In Nevada, all assets are community property so your spouse is entitled to half of the funds in your pension account from the time you were married to the date of your divorce (see here and here for a discussion of how community property continues to accumulate). You are also entitled to half of her pension. A QDRO could even distribute more than 50% (as high as 100%) as part of a broader asset division. For instance, you keep the house in exchange for giving her 100% of your pension accumulation. It could also work the other way, where she waives her interest in your pension for some other asset.

A domestic relations order is usually prepared by a financial consultant (either court-ordered or agreed by the parties). The order is then submitted to the court for the judge’s signature. It then becomes known as an “issued domestic relations order”. This is then forwarded to the plan’s administrator who must determine whether the order is valid (understandable and fair). The administrator has a duty to act in the interest of the fund holder. If the administrator approves the order it becomes a “qualified domestic relations order” or QDRO and the plan then writes a check for the ex-spouse or “alternate payee”.  Otherwise the plan is returned to the parties for revision. The plan administrator must respond to a domestic relations order is a reasonable time with a reasonable set of procedures. All of this can take several months to occur.

So far, so good. Things start to get complicated on two fronts – how much was contributed during the marriage and what are the contributions worth today?

A defined contribution scheme (DCS) requires you to invest a proportion of your salary in a retirement account (and may be matched by your employer). Your spouse is entitled to half of the total contributions PLUS any accumulation during the marriage. Say you had $100,000 in the 401k on your marriage day and contributed a further $50,000 during your five-year marriage. On the day of your divorce, the fund is worth $180,000.  So, at least $30,000 was earned through your investments on top of any contributions during the marriage. Clearly, the $100,000 is not a marital asset -but how much of the investment income is marital and how much separate income? The law says if funds are co-mingled they become a community asset – so it is very likely that the total community asset will be seen as $180,000-$100,000 = $80,000. The QDRO would then order the plan administrator to distribute $40,000 to your ex-spouse.

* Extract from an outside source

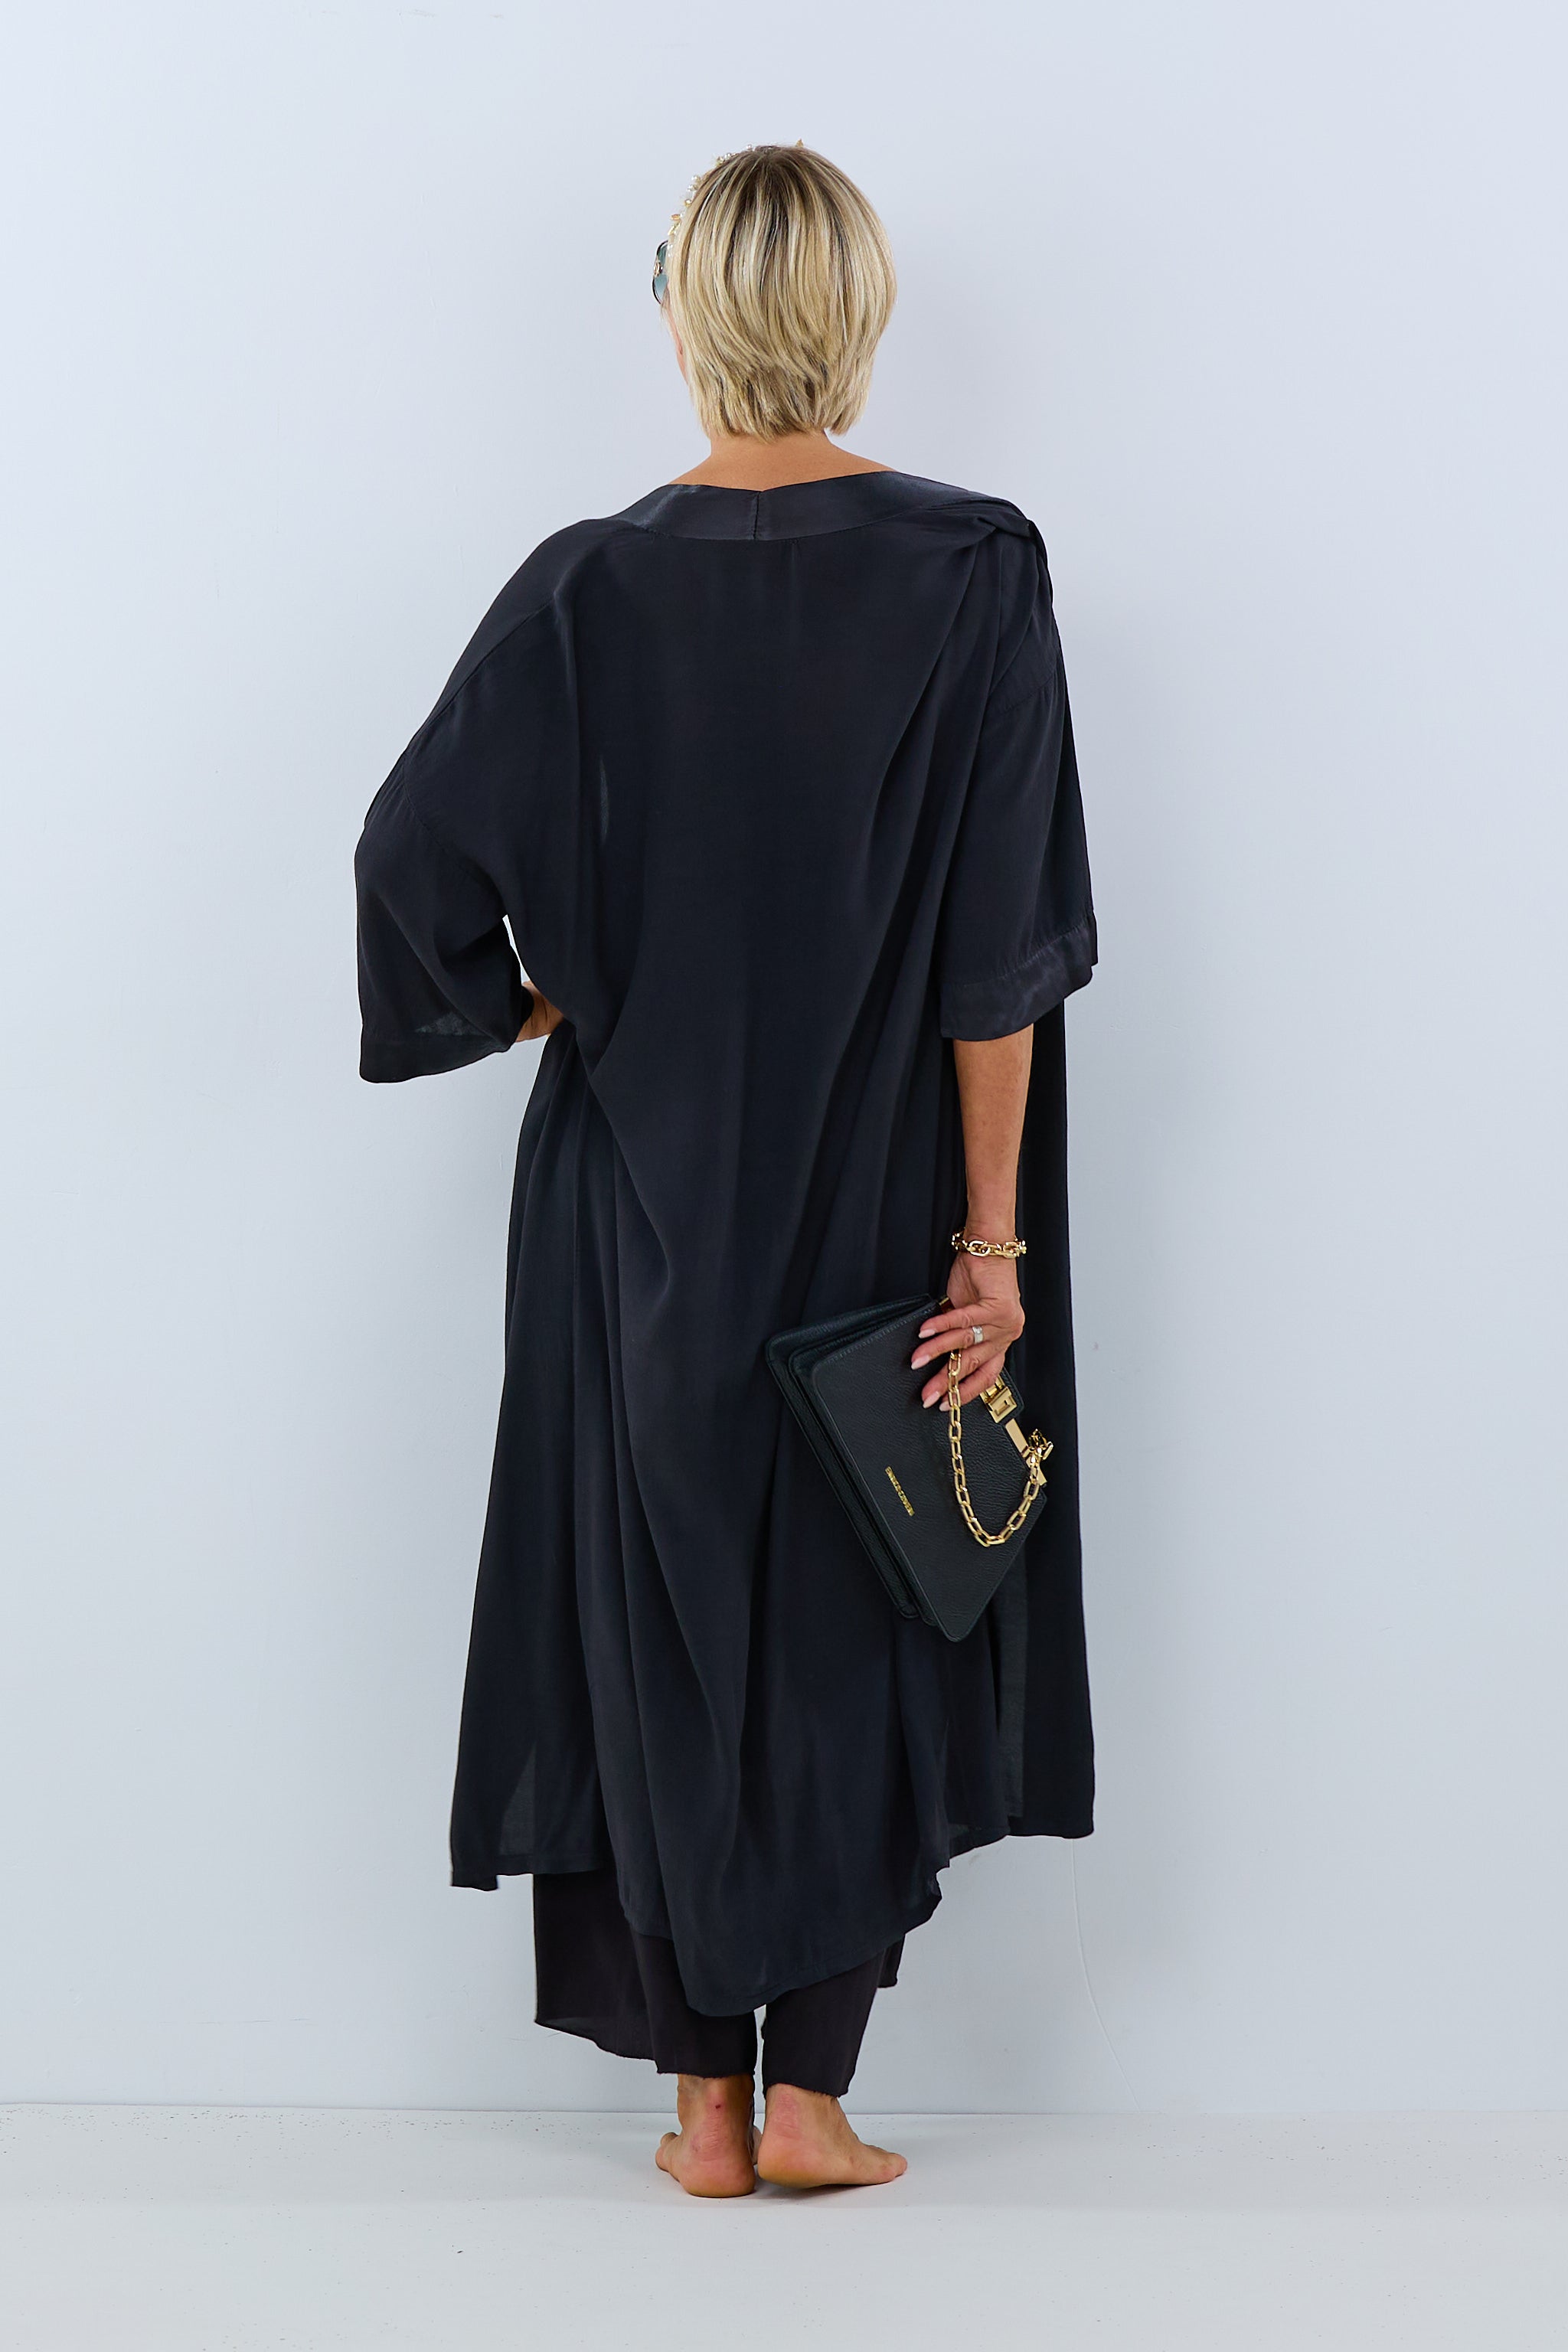 Damen Kimono schwarz Trends & Lifestyle Deutschland Gmbh

Complications can also occur if the fund declines in value from the day of divorce to the day of distribution by the plan administrator.  Say the value of the 401k was only $160,000 on the day of distribution (a drop of $20,000 in value). Is it fair to distribute $40,000 to your ex-spouse? Clearly not and some plan administrators may reasonably reject such a request. This is why it may be better to write a QDRO in terms of a percentage of units in a fund – if the fund has 500 units then your spouse receives 250 units – whatever they are worth on the day of distribution.

Even more problematic is a defined benefits scheme (or DBS). Here a pension contribution buys a certain benefit after retirement (such as 50% of your final salary for life after twenty years service). Typically the proportion of the final salary may fall or rise depending on years of services. The pension may also be indexed to inflation, carry a lump sum option, or other benefits. Although complex calculations can be involved, the simplest method might be to award of percentage of the benefit when you retire to your ex-spouse based on the length of the marriage.  The percentage may be contentious – let’s assume your receive 50% of your final salary after 20 years service but only 20% of your final salary after ten years service. Let’s assume you were married for the first ten years but then served another 20 years in the company. Should your ex-spouse receive 10% or 25% of your final salary? What if the situation were reversed – not married the first ten years and married the second ten years? Often this will just come down to the judge making a ruling rather than the parties reaching a agreement.

Naturally, all of this can become much more interesting when multiple DCS and DBS accounts are involved!